Determine the homomorphism $i_*:H_1(S^3-g(M))\to H_1(S^3-g(\partial M))$.

Question

Let $M$ be the Möbius band and $\partial M$ its boundary. Consider an embedding $g:M\to S^3$. I have to determine the homomorphism $i_*:H_1(S^3-g(M))\to H_1(S^3-g(\partial M))$ induced by the inclusion.

Firs of all, I've computed both homology groups. For $H_1(S^3-g(M))$ I divided $M$ into rectangles $M_1$ and $M_2$ with intersection homeomorphic to $D^2\sqcup D^2$. Then, I can write $S^3-g(D^2\sqcup D^2)$ (of which I had already computed its homology using proposition 2B.1(a) from Hatcher and Mayer-Vietoris) as the union $(S^3-g(M_1))\cup (S^3-g(M_2))$. The intersection of these spaces is precisely $S^3-g(M)$, so I can compute its homology via Mayer-Vietoris, obtaining $H_1(S^3-g(M))=\mathbb{Z}$.

For $H_1(S^3-g(\partial M))$ I can use 2B.1(b), which tells me that $H_1(S^3-g(\partial M))=\mathbb{Z}$. Unfortunately, I cannot get explicit generators for any of this groups as they depend on $g$ in a not at all explicit way.

How can I determine $i_*:H_1(S^3-g(M))\to H_1(S^3-g(\partial M))$?

An idea that had come to my mind was using the LES for the pair $(S^3-g(\partial M),S^3-g(M))$, but I would have to compute somehow the relative homology groups of dimension $1$ and $2$, and I don't know how.
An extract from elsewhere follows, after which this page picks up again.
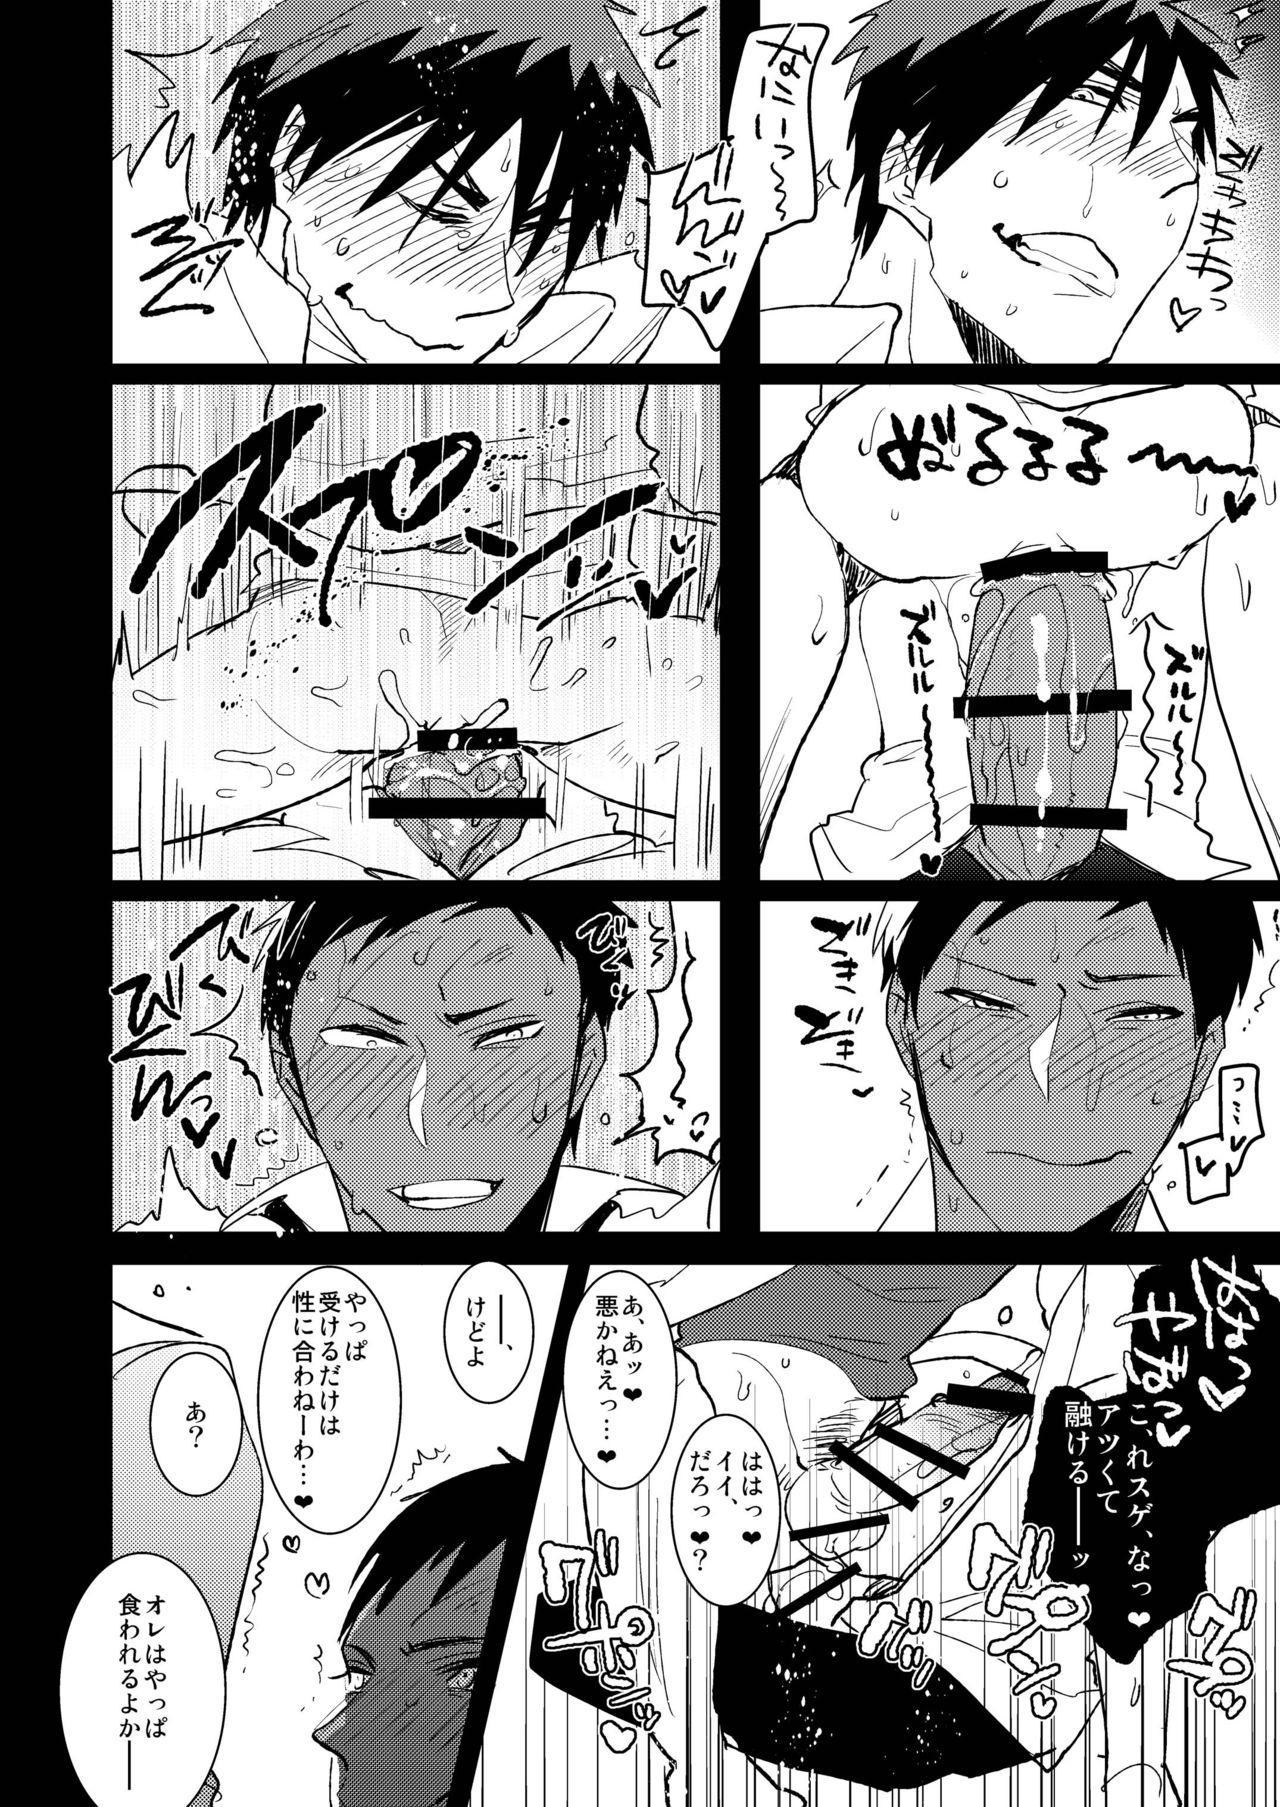 Kagami-kun no Ero hon 9 Ippatsuyara Sete Kure! 22

Edit I would like to solve it without using any kind of duality. Specifically, I can only use the tools from chapters 2 and 3 (before Poincaré Duality) of Hatcher.

Answer 1

You can work again with Alexander duality. It is known that the isomorphism $\alpha_A : \tilde{H}_i(S^n \setminus A) \to \tilde{H}^{n-i-1}(A)$ is natural with respect to inclusions, i.e. if $A \subset B \subset S^n$ and $i : A \to B$, $j : S^n \setminus B \to S^n \setminus A$ are the inclusions, then $i^* \alpha_B = \alpha_A j_*$.

Thus you have to understand what $i^*$ is for $i : \partial M \to M$. Write $M = [0,1] \times [-1,1]/\sim$, where $(0,t) \sim (1,-t)$ for $t \in [-1,1]$ and let $p : [0,1] \times [-1,1] \to M$ denote the quotient map. Then $S = p([0,1] \times \{ 0 \})$ is a copy of $S^1$ (embedded as the "middle circle" of $M$). It is easy to see that $S$ is a strong deformation retract of $M$. A strong deformation retraction $r : M \to S$ is given by $r([x,t]) = [x,0]$. Also $\partial M$ is a copy of $S^1$ and we easily see that $ri : \partial M \to S$ is a map of degree $2$. Hence $i^* : \tilde{H}^1(M) \to \tilde{H}^1(\partial M) $ is a map between infinite cyclic groups which corresponds to multiplication by $2$.